TASK REQUIREMENTS
Begin at the line below that has "Camilla Pihl Cloud". Stop after the line that has "[Netto MD] Rabatt", repeating each line exactly and leaving out the pictures.

EXTRACTED INFORMATION
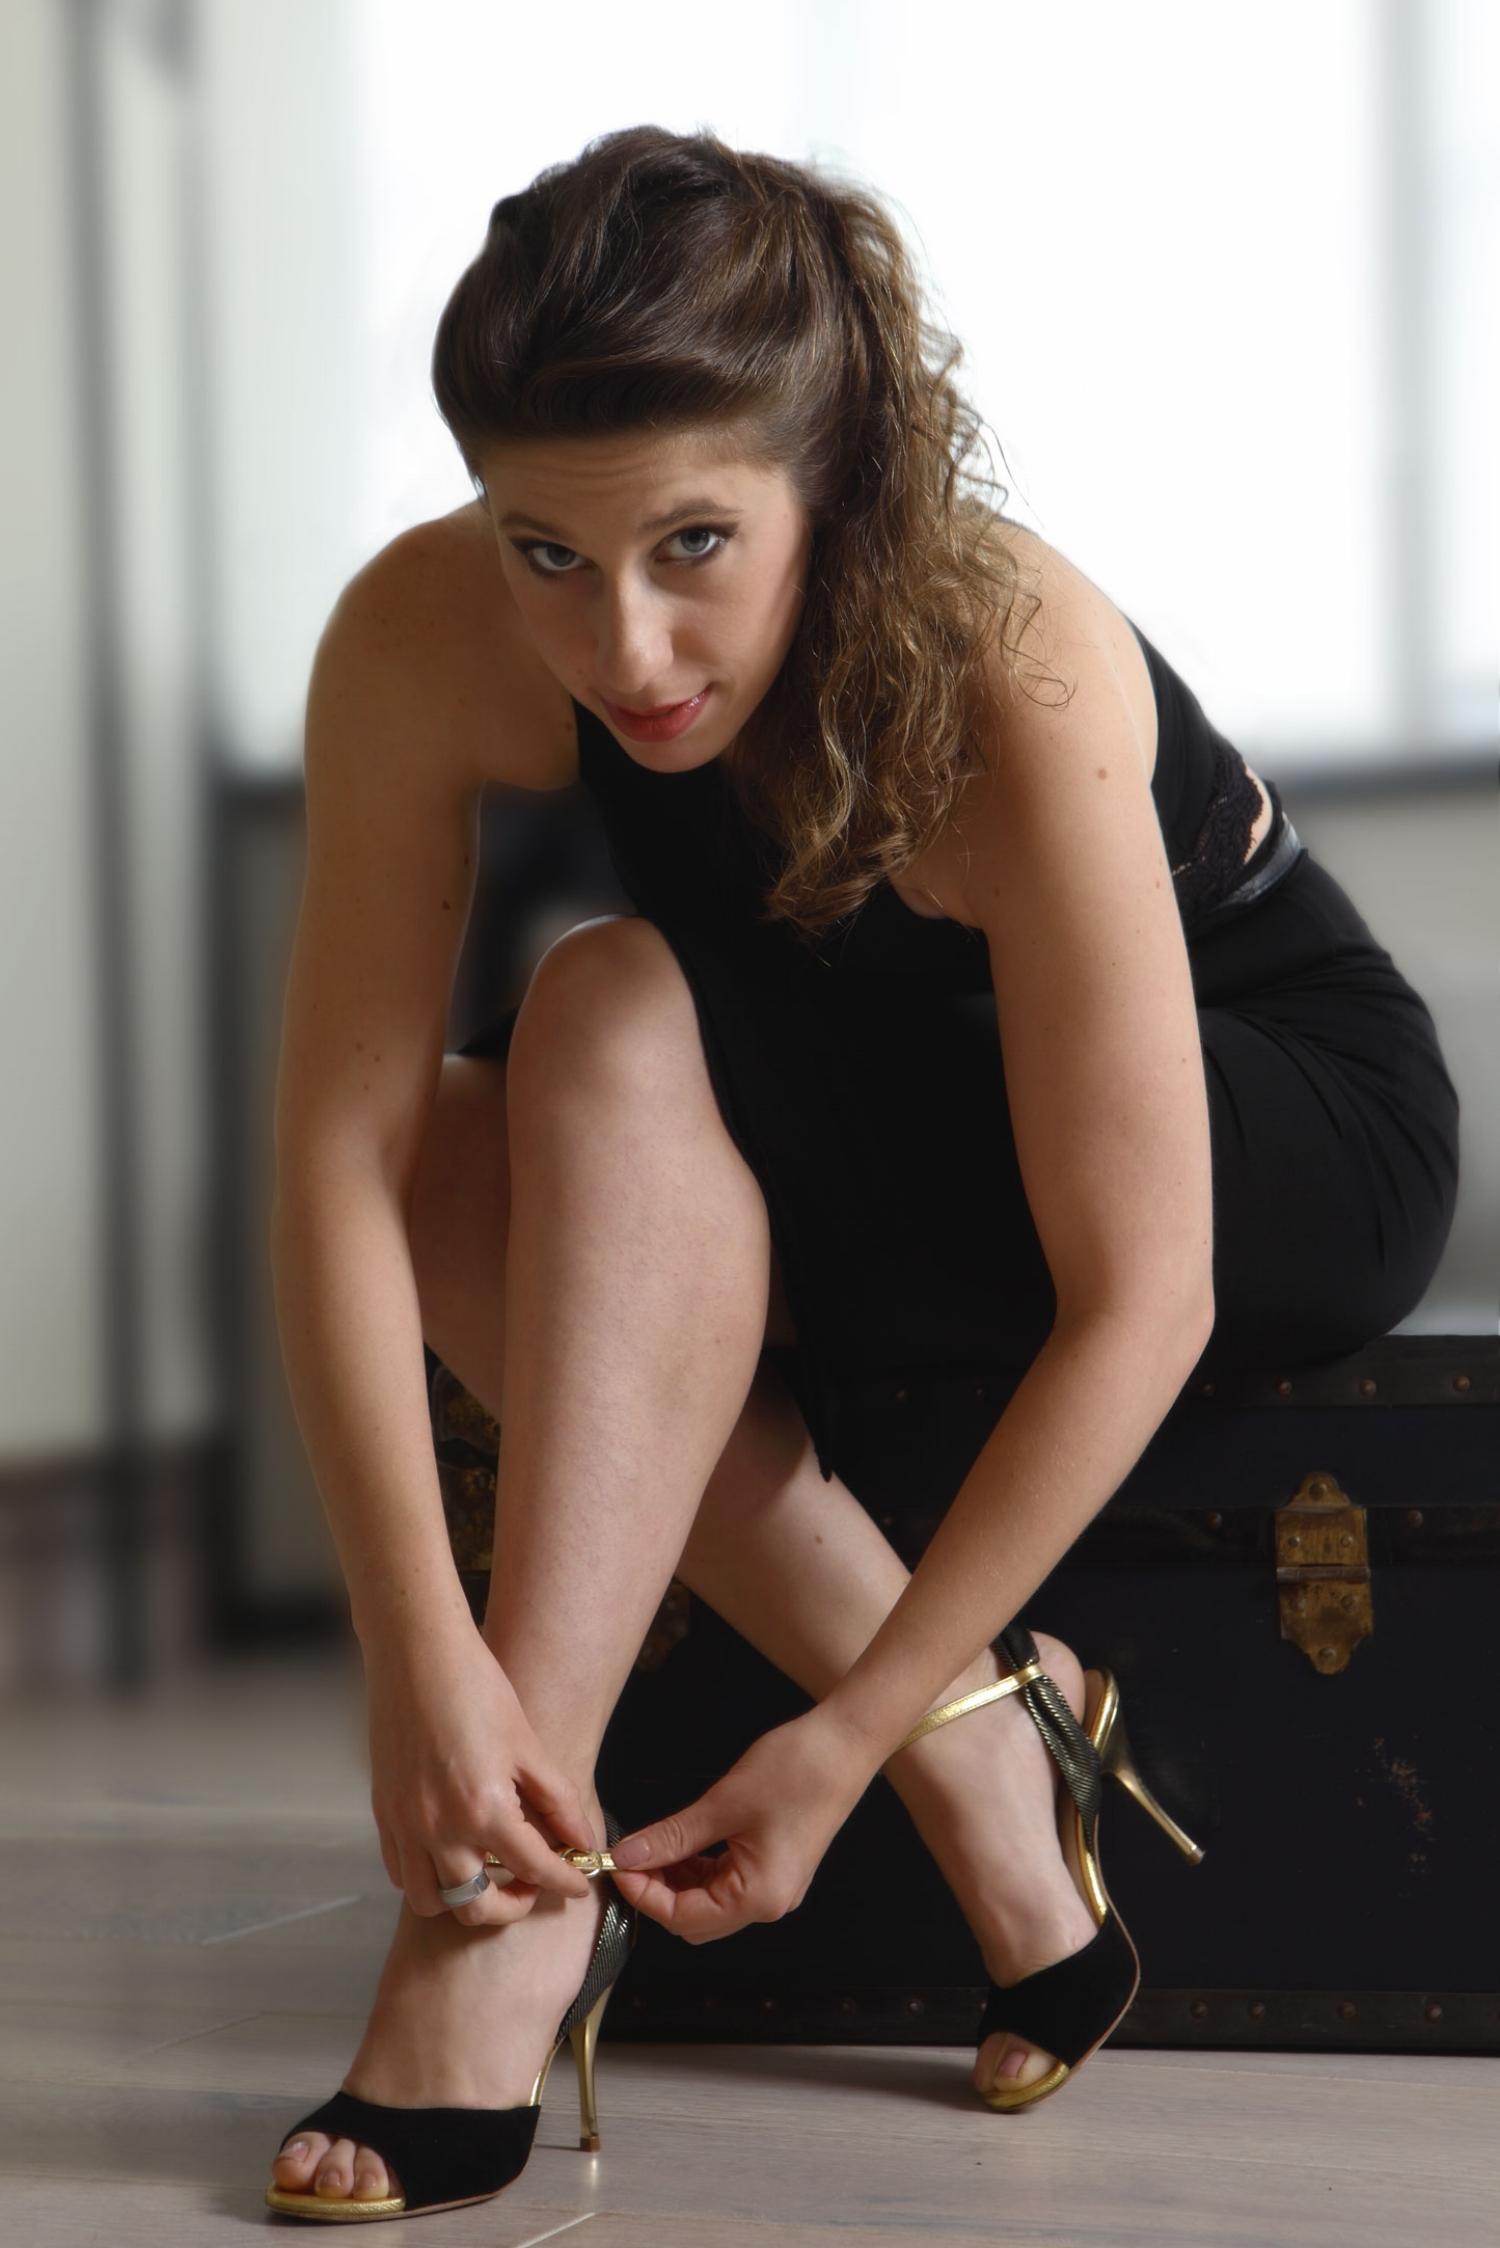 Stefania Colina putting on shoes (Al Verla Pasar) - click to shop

* * *

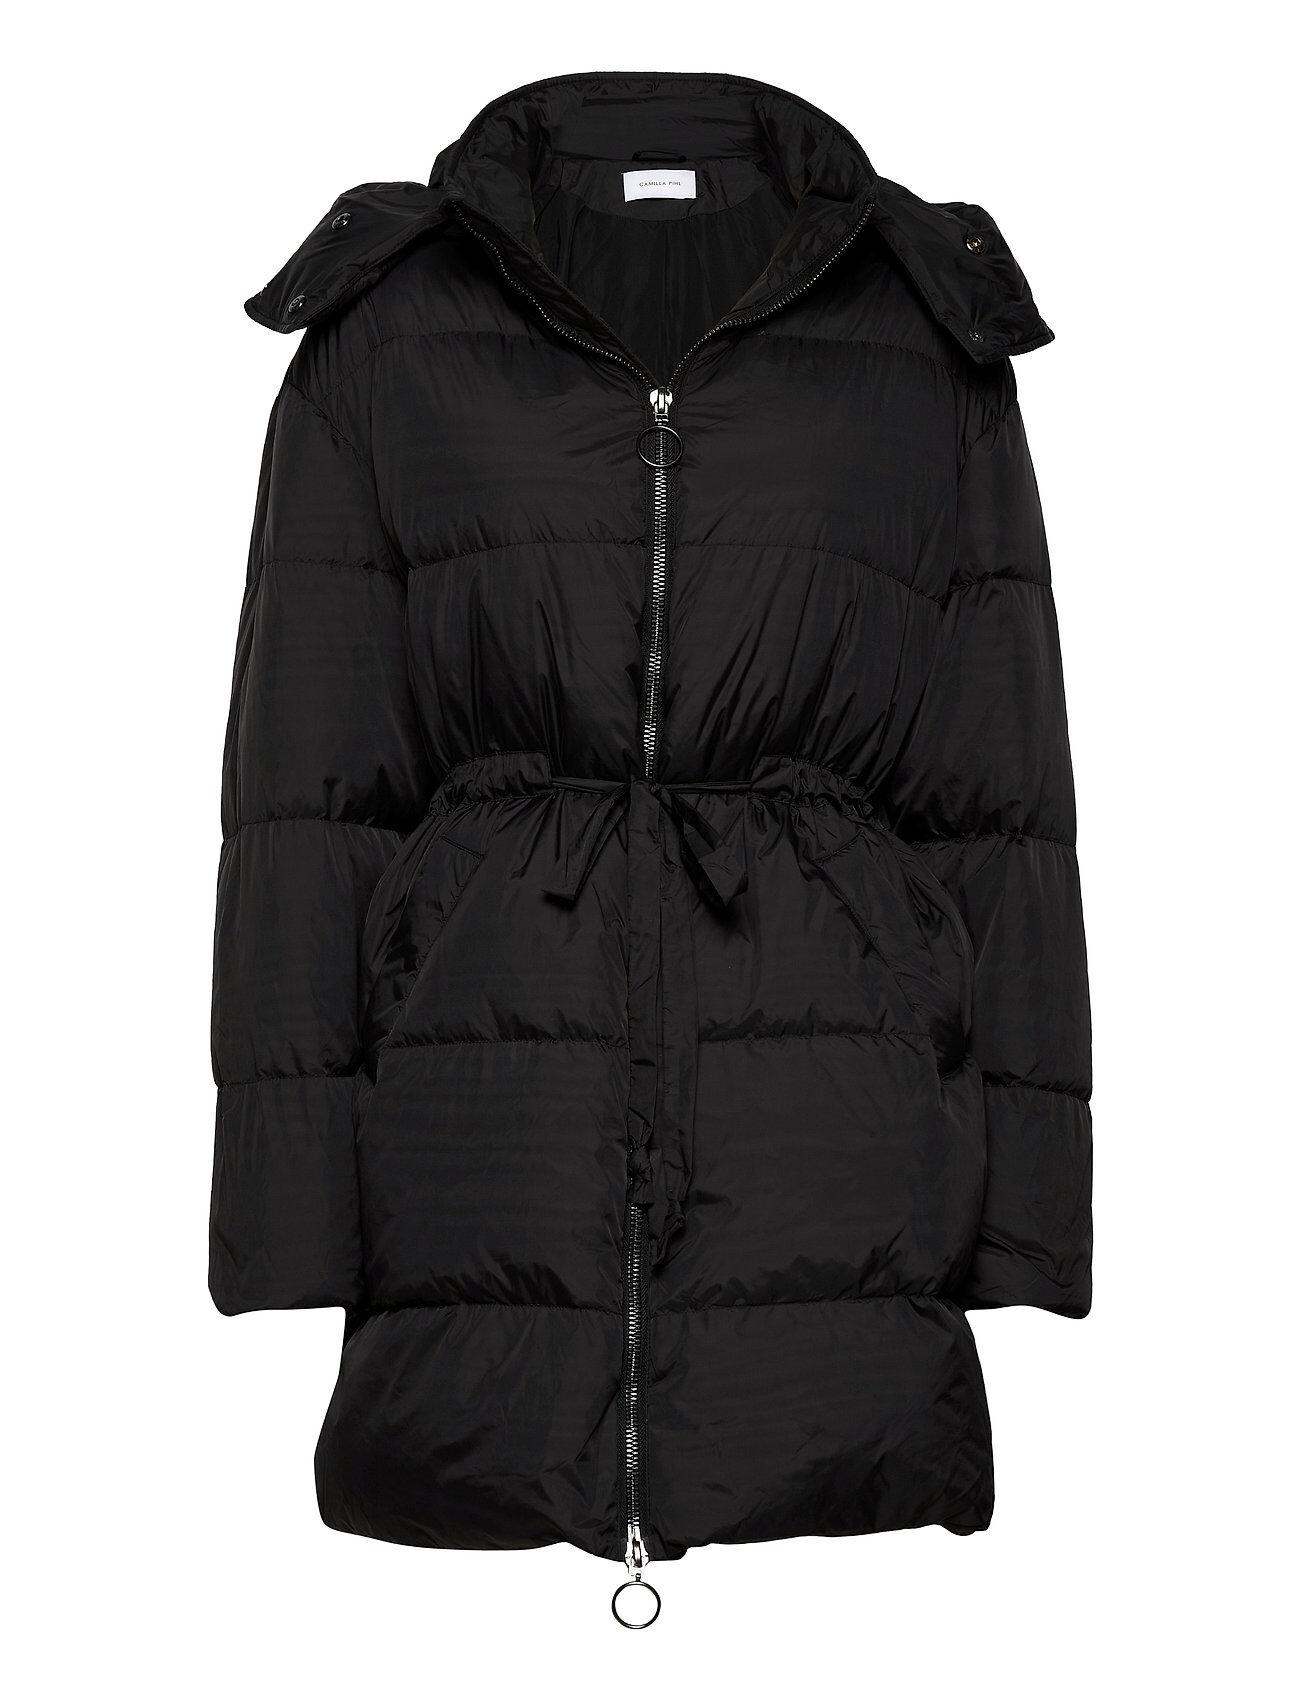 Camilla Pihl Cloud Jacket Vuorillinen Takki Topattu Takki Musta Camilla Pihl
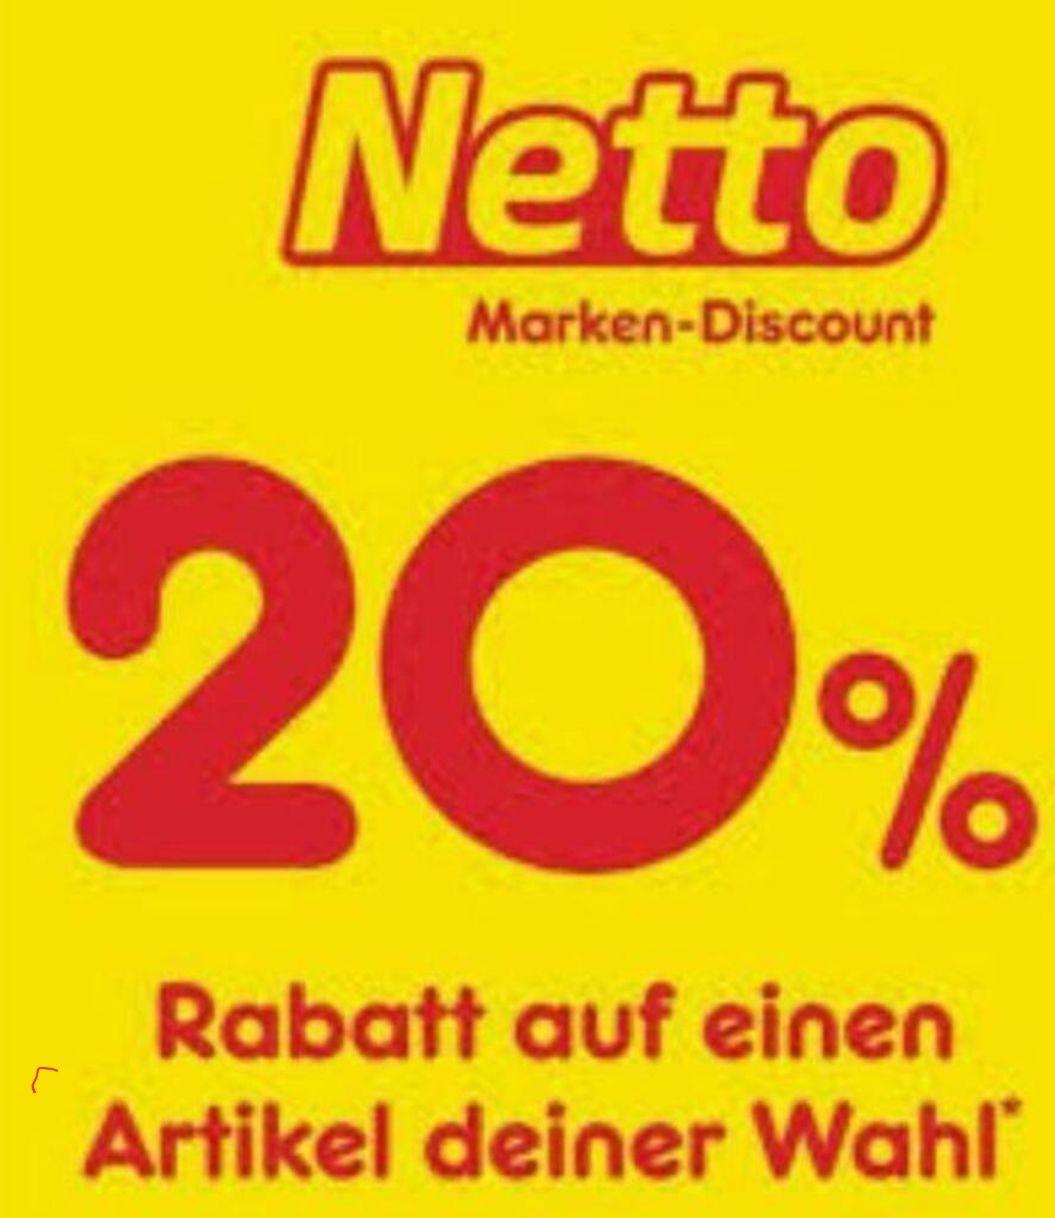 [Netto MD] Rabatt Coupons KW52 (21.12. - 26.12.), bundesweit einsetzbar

OUTPUT BELOW
 Camilla Pihl Cloud Jacket Vuorillinen Takki Topattu Takki Musta Camilla Pihl
 [Netto MD] Rabatt Coupons KW52 (21.12. - 26.12.), bundesweit einsetzbar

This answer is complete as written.